Brazil and South Africa are wrestling with a fundamental question embedded in all “climate projects”: who actually benefits from the green transition and what political coalitions do those benefits construct? Will the move to EVs replicate patterns of exclusion and inequality, or can it serve as a vehicle (so to speak) for more inclusive development?
What we are seeing in these cases is a collision of multiple temporalities and imperatives: the urgency of climate action, the global upheaval of industrial transformation, the immediate demands of workers, and the long arcs of national development strategies. The EV transition is not simply a matter of technological substitution; it is a deeply social and political process that reshapes how states and societies relate to one another and to the planet.
For environmental sociologists, this moment presents a unique opportunity. We can and should examine how climate change is being materialized not only through carbon measurements or policy targets, but through the mundane infrastructures of everyday production: factories, supply chains, labor contracts, and investment flows. The “climate factory,” if we can call it that, is emerging as a critical site where questions of environmental justice, economic sovereignty, and global inequality converge. These are the territories of what Fisher and Jorgenson (2019) described as an “Anthro-shift,” in which “risk drives a reconfiguration among social actors that in turn leads to a different relationship between society and the natural environment.”

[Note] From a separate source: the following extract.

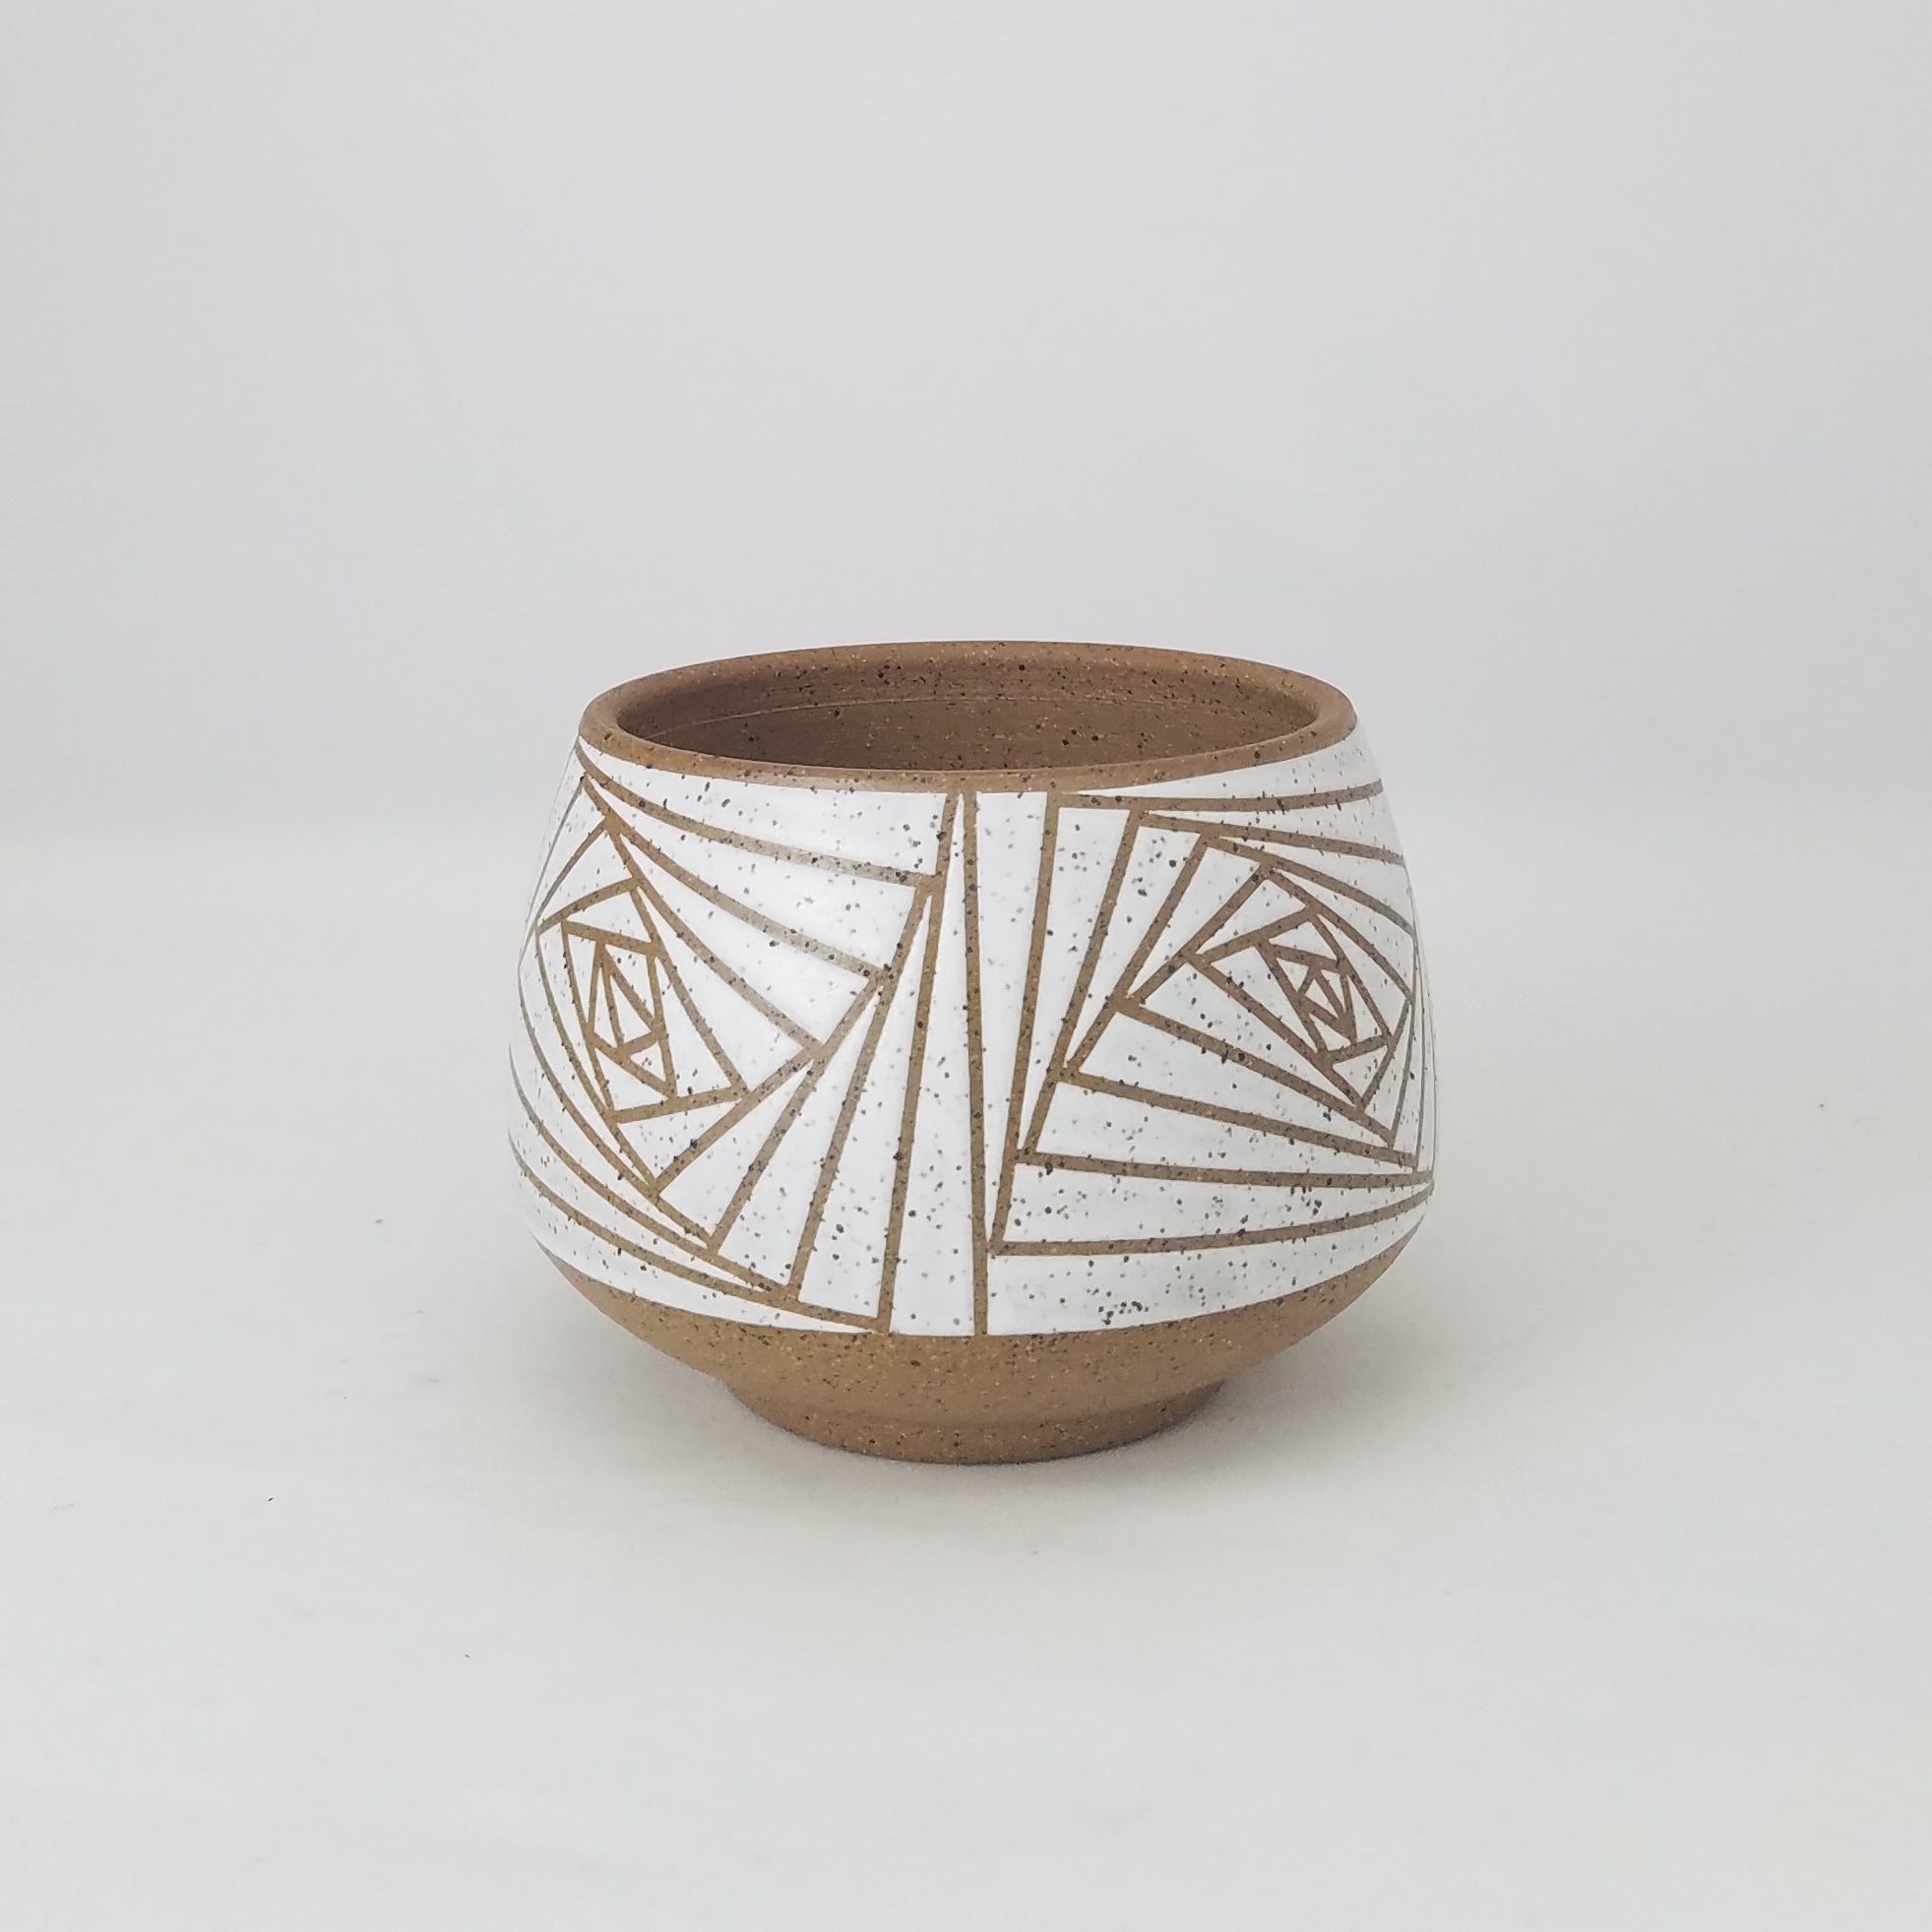 Planter on Speckled Clay (4 in / 10 cm wide)

Indeed, “climate projects” are not only about reducing emissions—they are about reimagining development itself. For countries in the Global South, the stakes are particularly high. They must navigate the twin challenges of mitigating climate change and addressing persistent poverty and inequality. Their efforts to localize and reinterpret global climate projects are about shaping the social terrain of climate change in contexts in which the potential contradictions of such projects are at their most acute.
Are the sociological foundations of a climate-changed world to be found in a factory? Perhaps. But only if we understand that the factory is not just a place where things are made. It is also a site where visions of the future are contested and constructed; where climate action takes on material form, shaped by inherited histories and socially organized attempts to chart new paths forward.
References
Araos, Malcolm, Ankit Bhardwaj and Eric Klinenberg. 2024. “The social life of climate projects.” Sociological Forum. 39: 149-152.
Fisher, Dana R., and Andrew K. Jorgenson. 2019. “Ending the Stalemate: Toward a Theory of Anthro-Shift.” Sociological Theory. 37(4): 342-362.
A recent photo in “the field” at the Stellantis factory complex in Betim, Brazil on April 2, 2025.